• What to do: The answer is the line with "ahmed ibn tulun mosque in cairo, egypt" and every line after it to the end of the listing, retyped exactly. Pictures do not belong in it.
====== Data ======
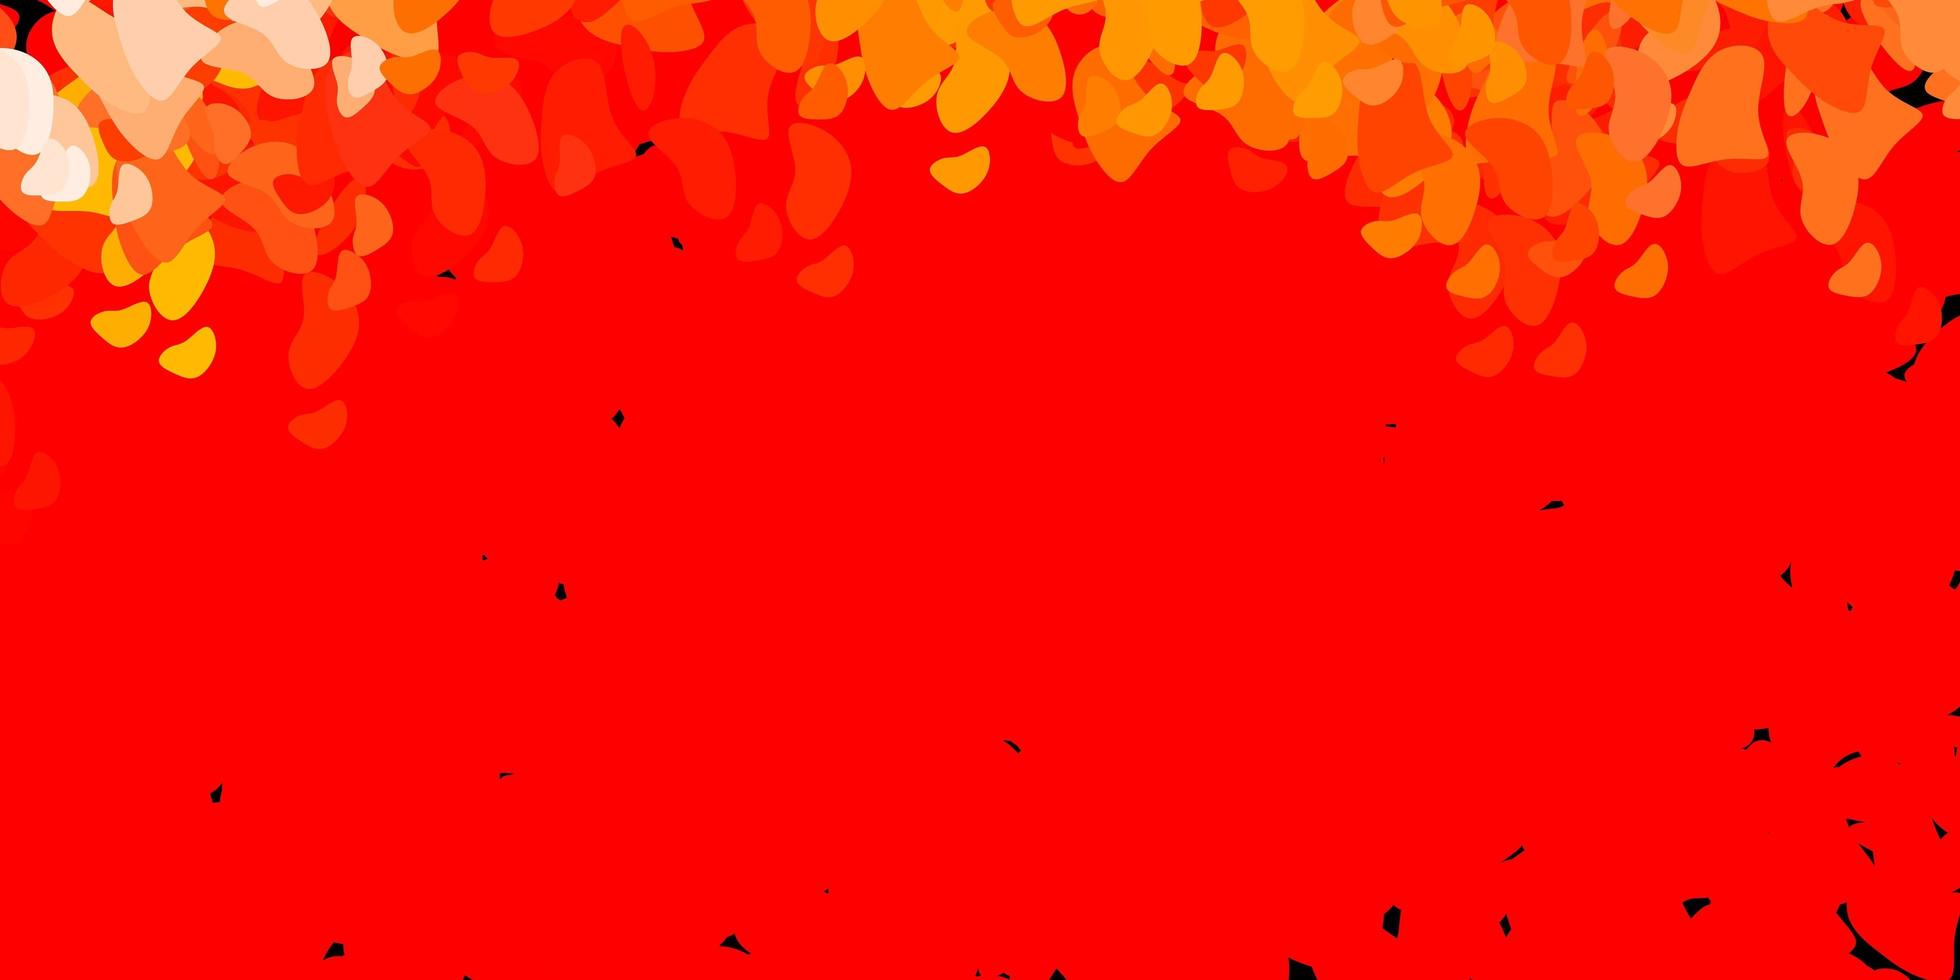 Light red vector background with random forms.
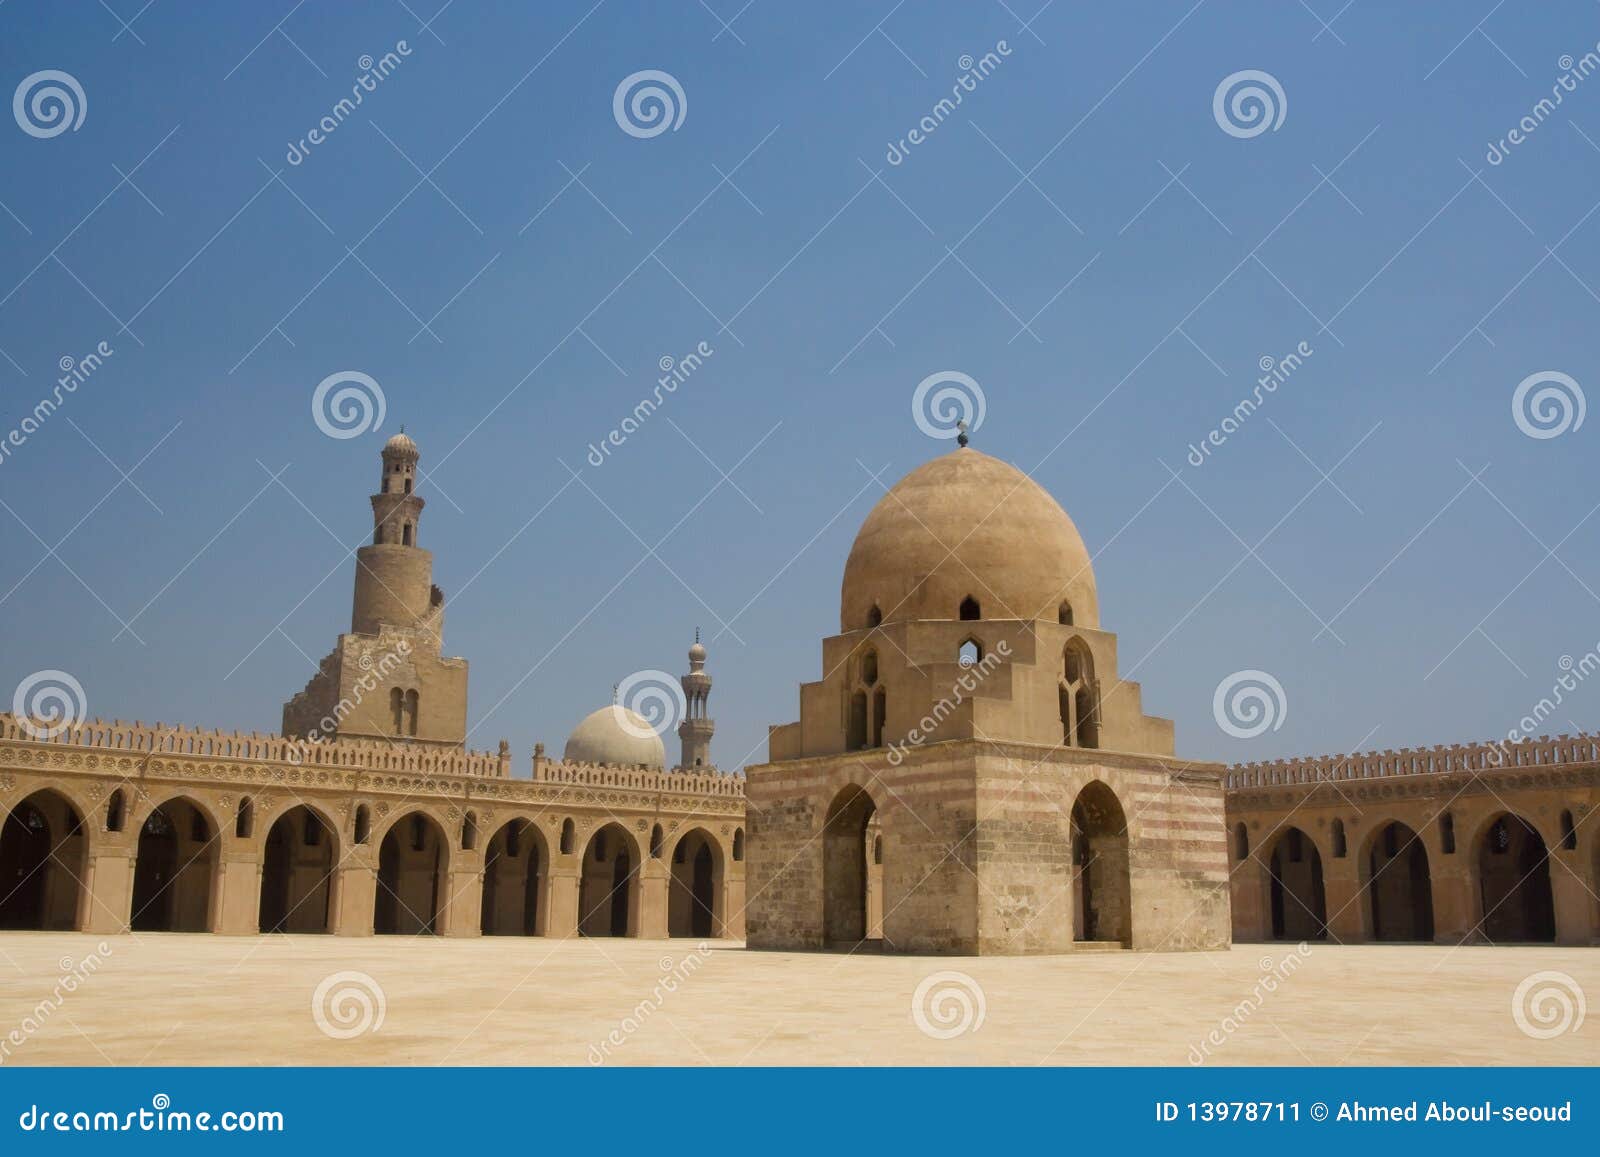 ahmed ibn tulun mosque in cairo, egypt
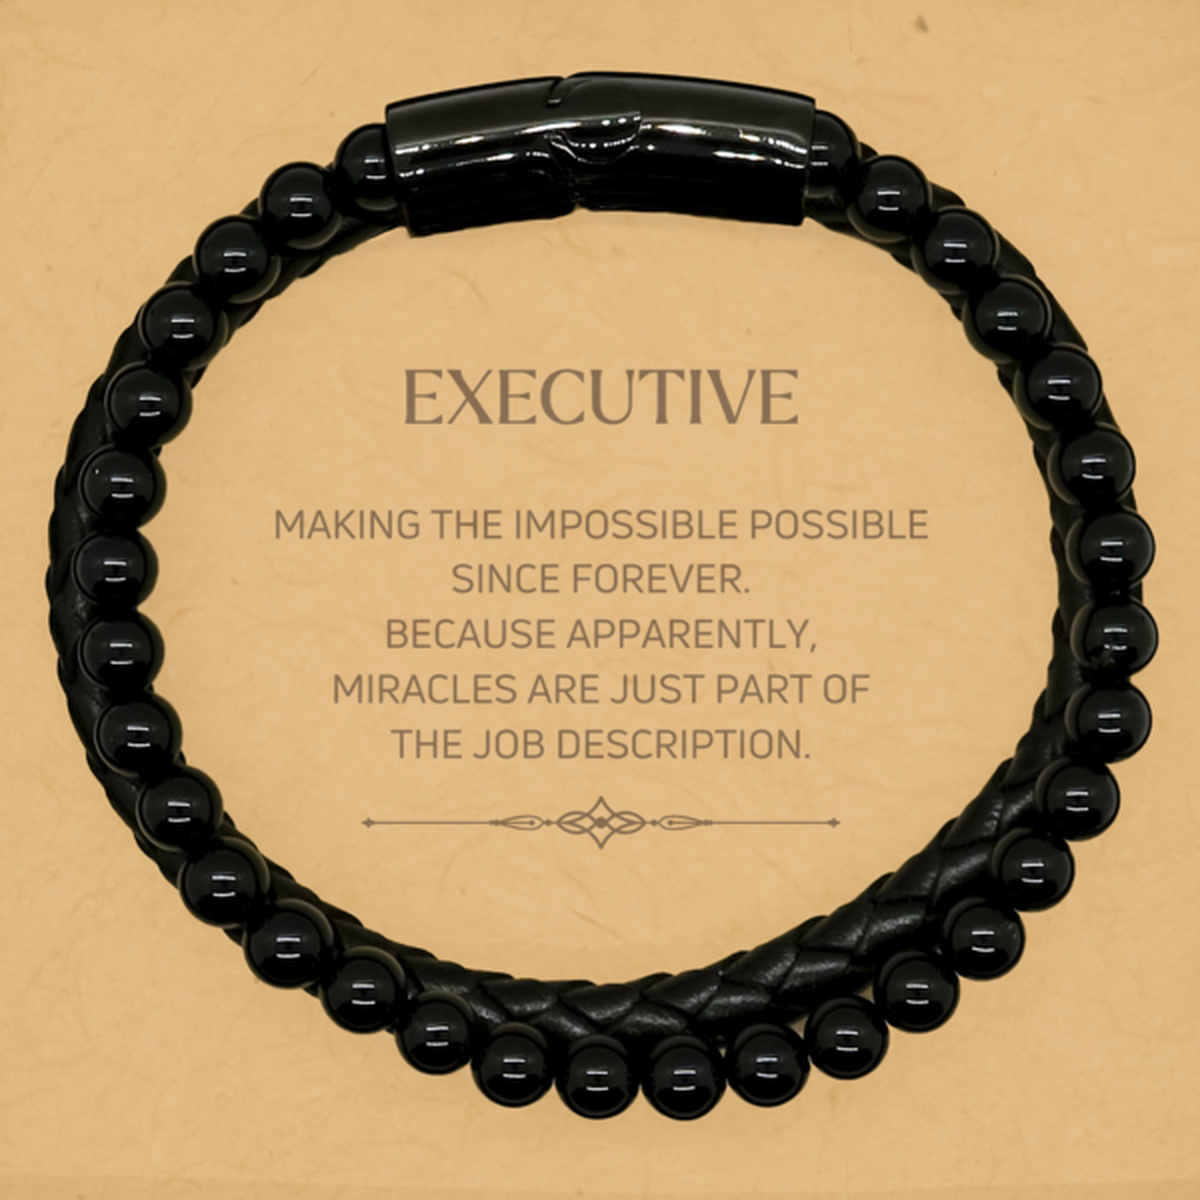 Funny Executive Gifts, Miracles are just part of the job description, Inspirational Birthday Stone Leather Bracelets For Executive, Men, Women, Coworkers, Friends, Boss
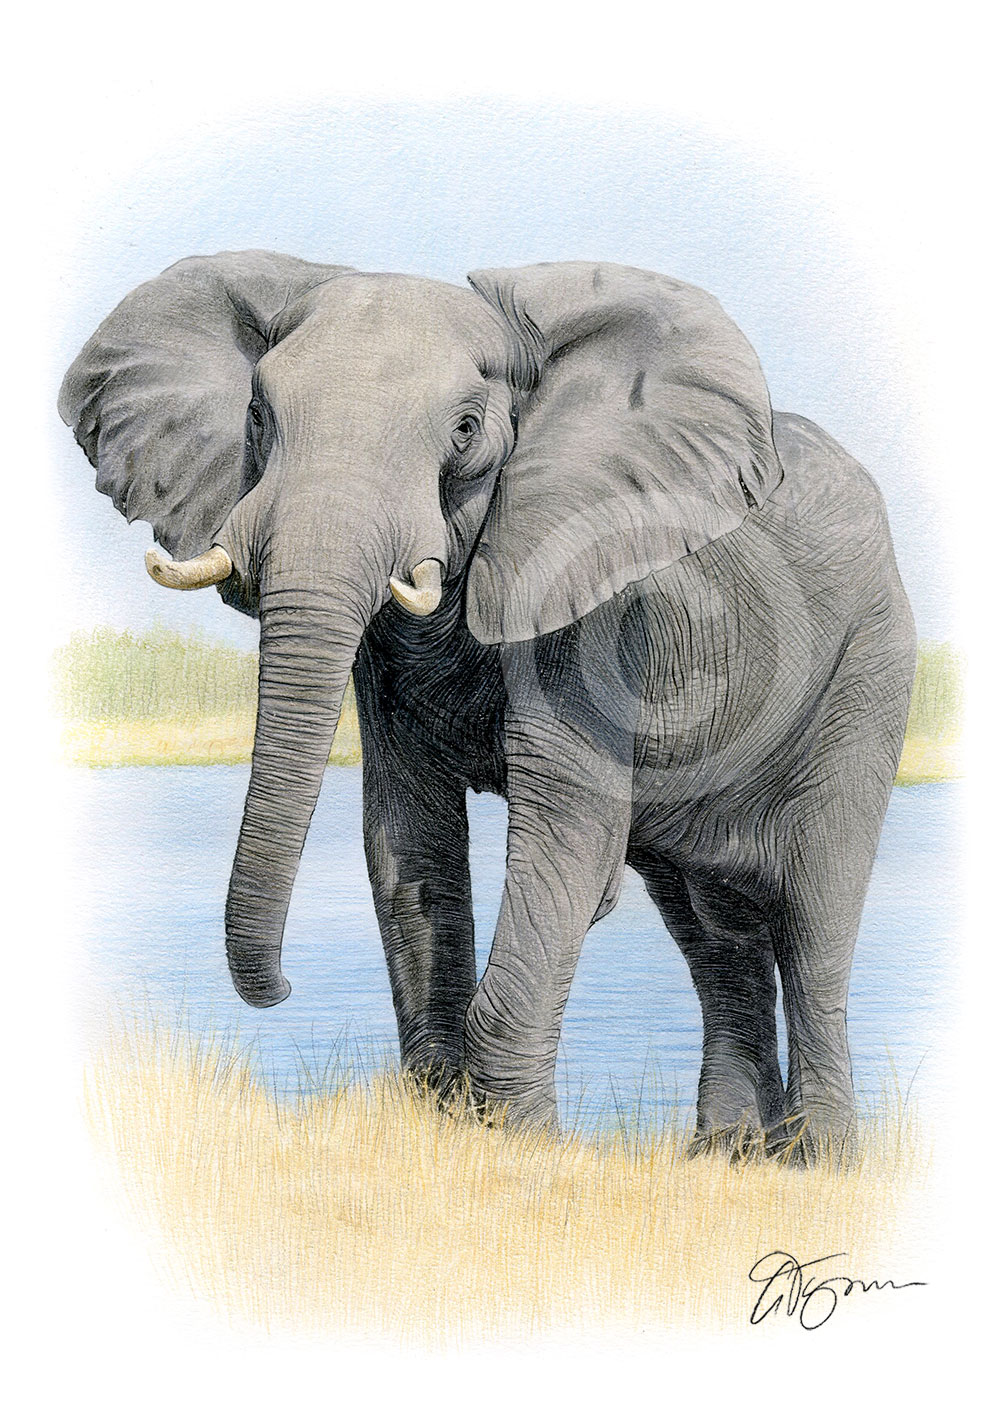 Colour pencil drawing of an African elephant by artist Gary Tymon
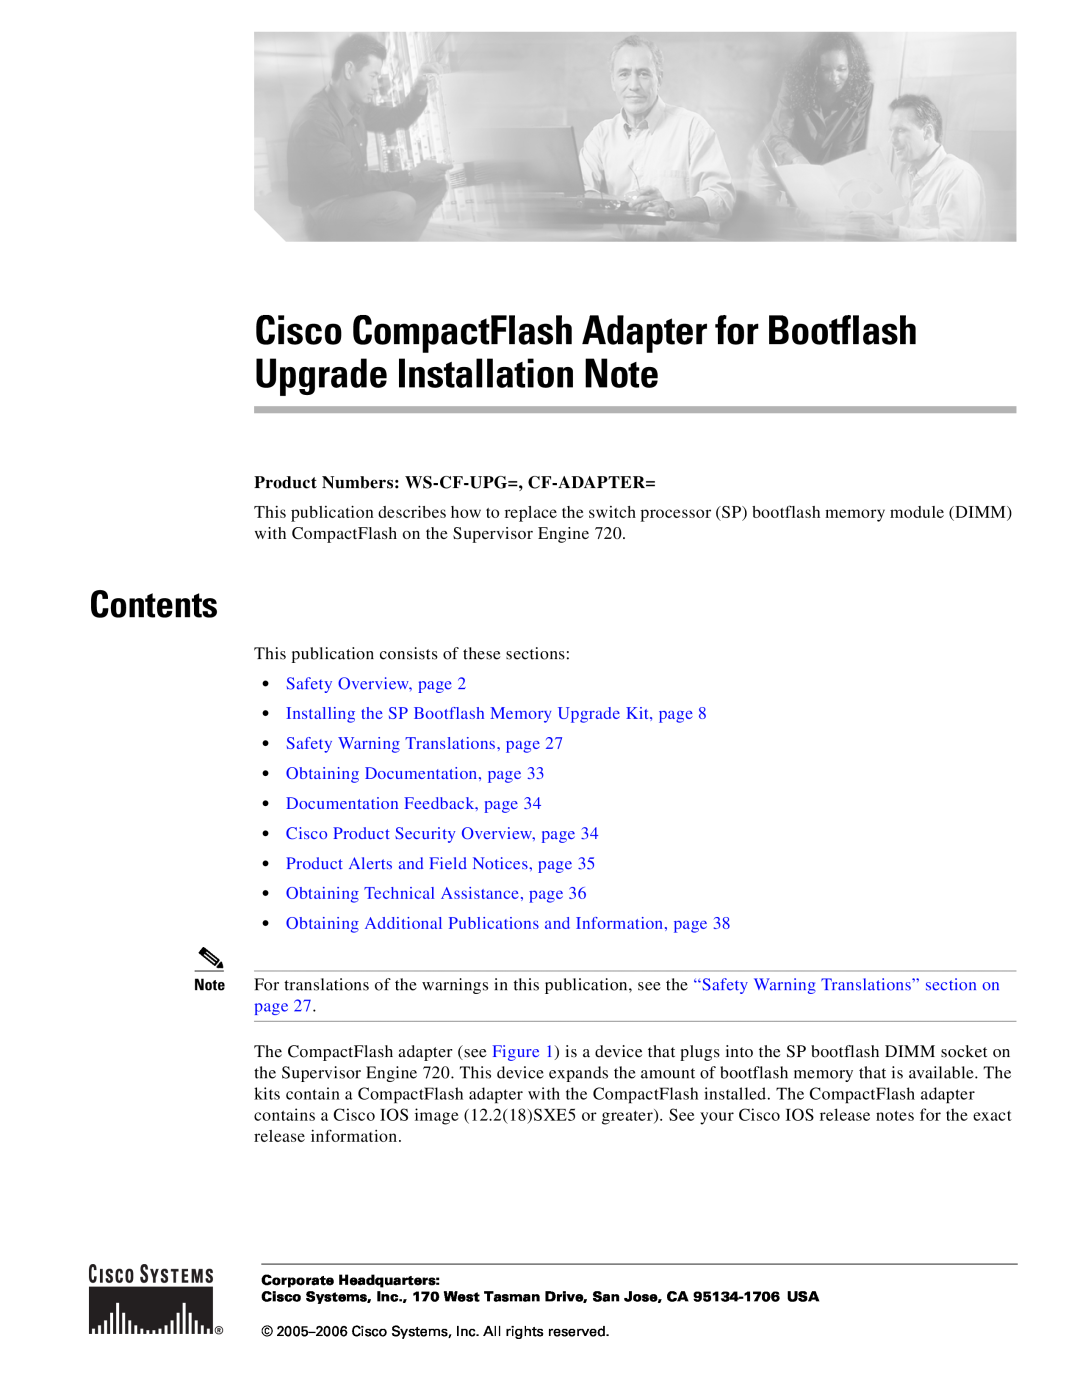 Cisco Systems CompactFlash Adapter manual Contents, Product Numbers WS-CF-UPG=, CF-ADAPTER=, Safety Overview, page
======
• Written response:
 ahmed ibn tulun mosque in cairo, egypt
 Funny Executive Gifts, Miracles are just part of the job description, Inspirational Birthday Stone Leather Bracelets For Executive, Men, Women, Coworkers, Friends, Boss
 Colour pencil drawing of an African elephant by artist Gary Tymon
 Cisco Systems CompactFlash Adapter manual Contents, Product Numbers WS-CF-UPG=, CF-ADAPTER=, Safety Overview, page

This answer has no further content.